Given information:
——————————

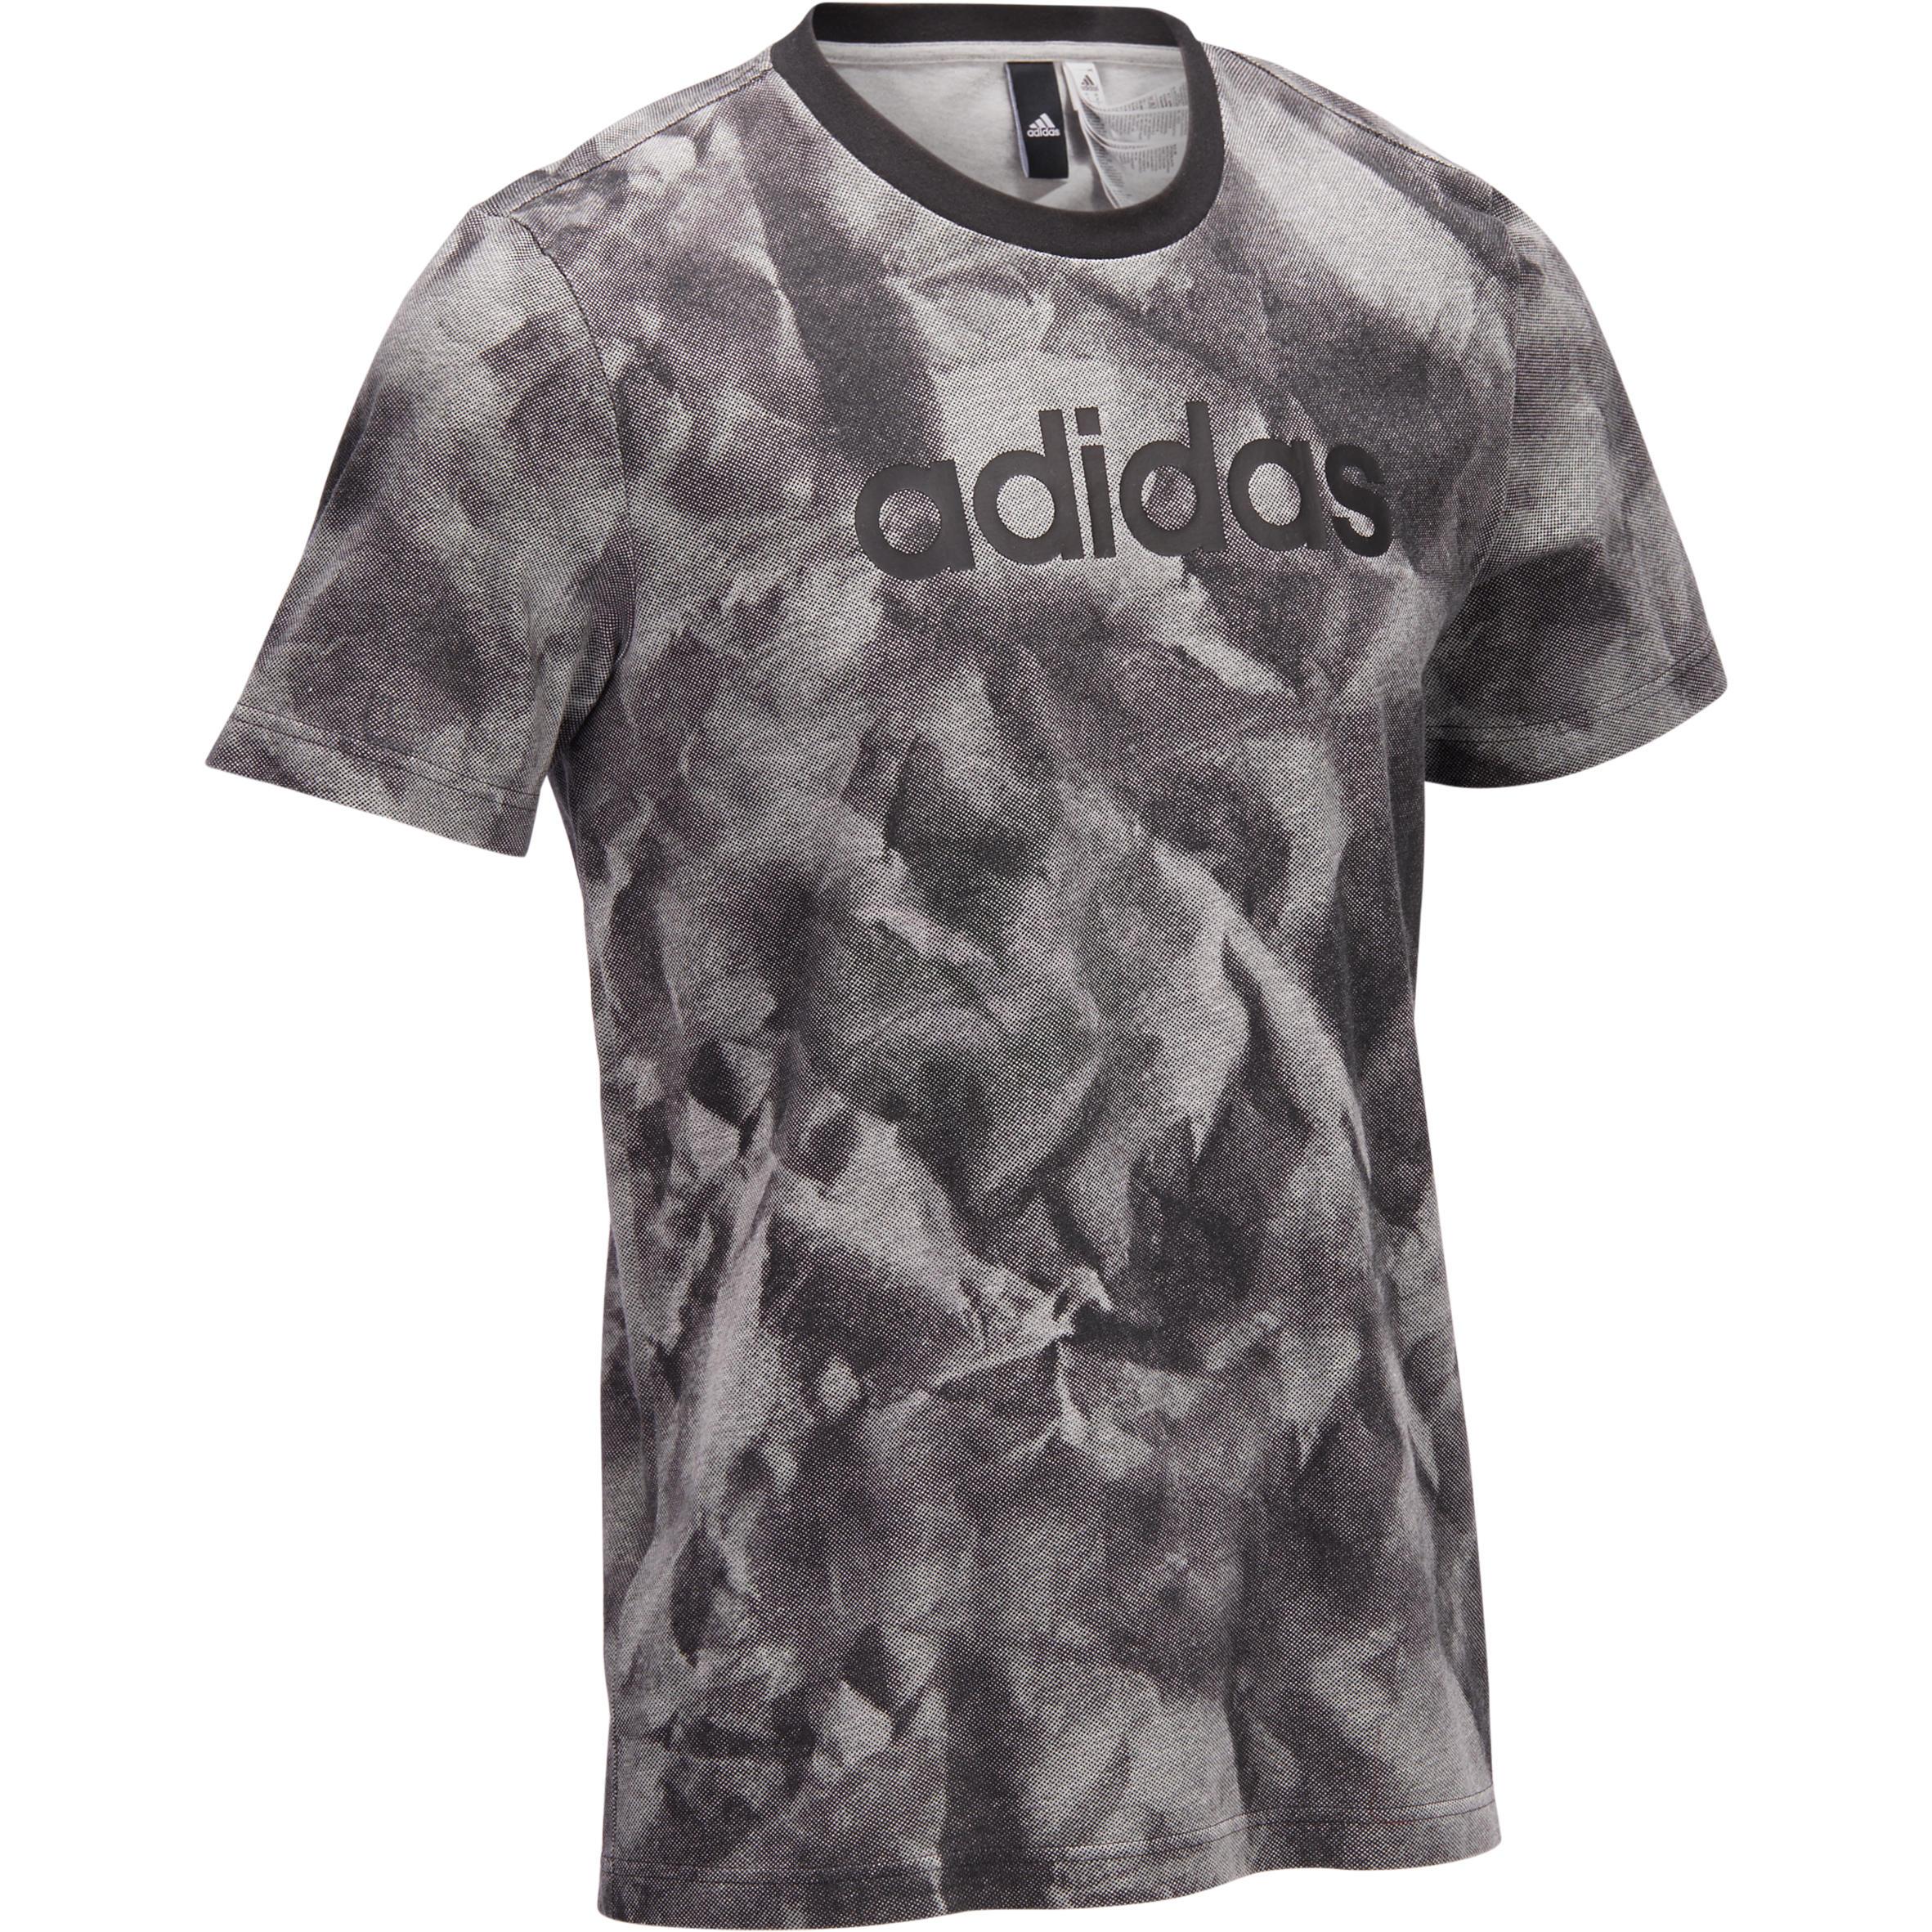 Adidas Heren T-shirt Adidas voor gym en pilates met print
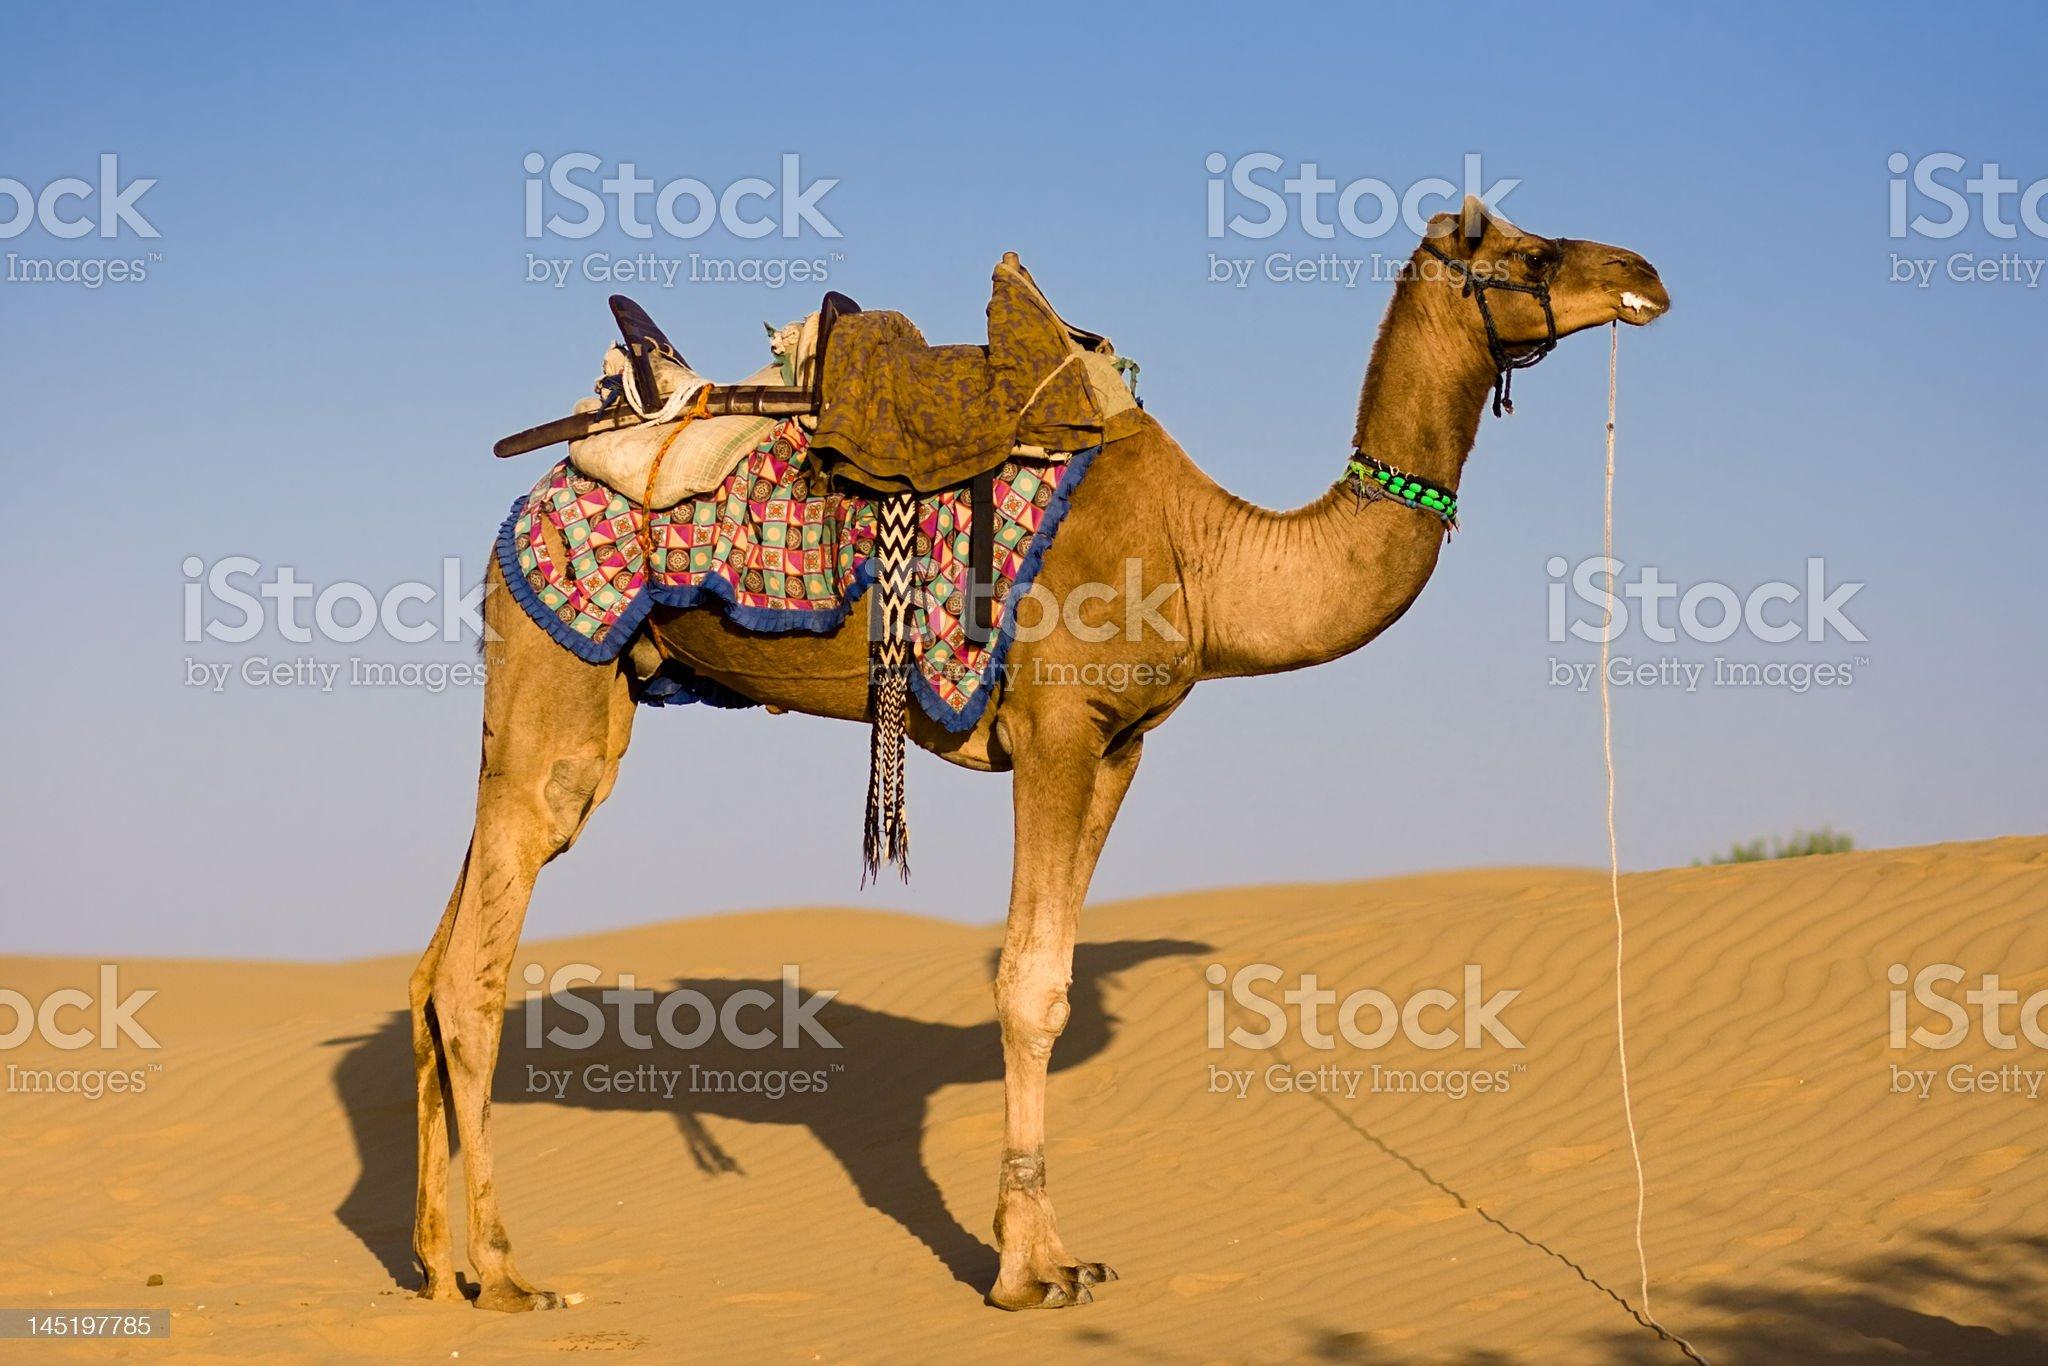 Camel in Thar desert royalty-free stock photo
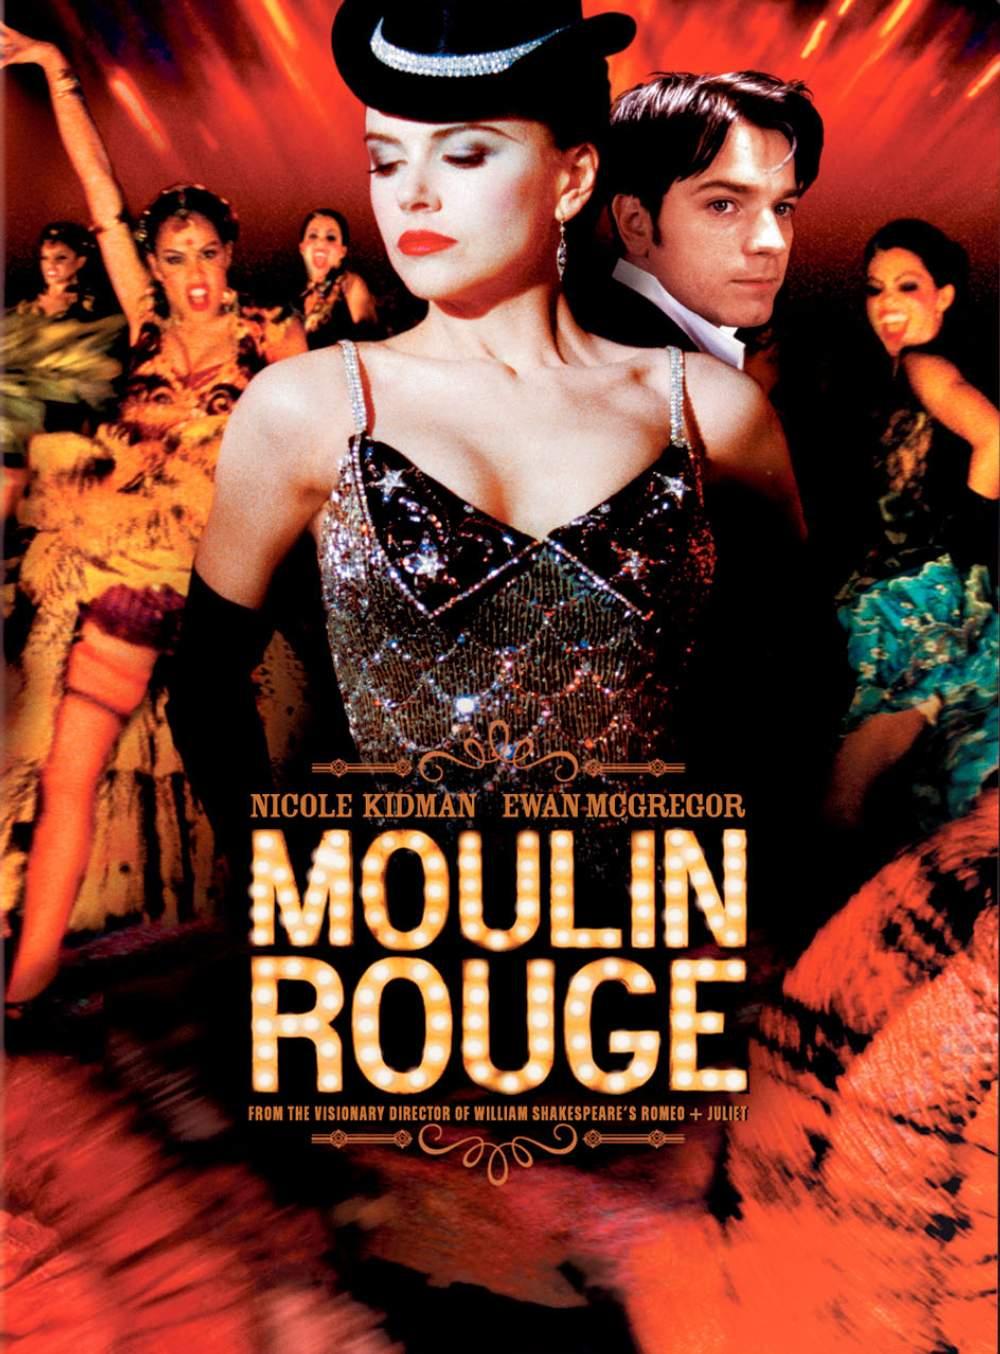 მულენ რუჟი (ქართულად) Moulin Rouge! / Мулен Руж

——————————

With the pictures excluded, restate word for word each line from the one that contains "Camel in Thar" through the last line of the listing above.

Answer space:
 Camel in Thar desert royalty-free stock photo
 მულენ რუჟი (ქართულად) Moulin Rouge! / Мулен Руж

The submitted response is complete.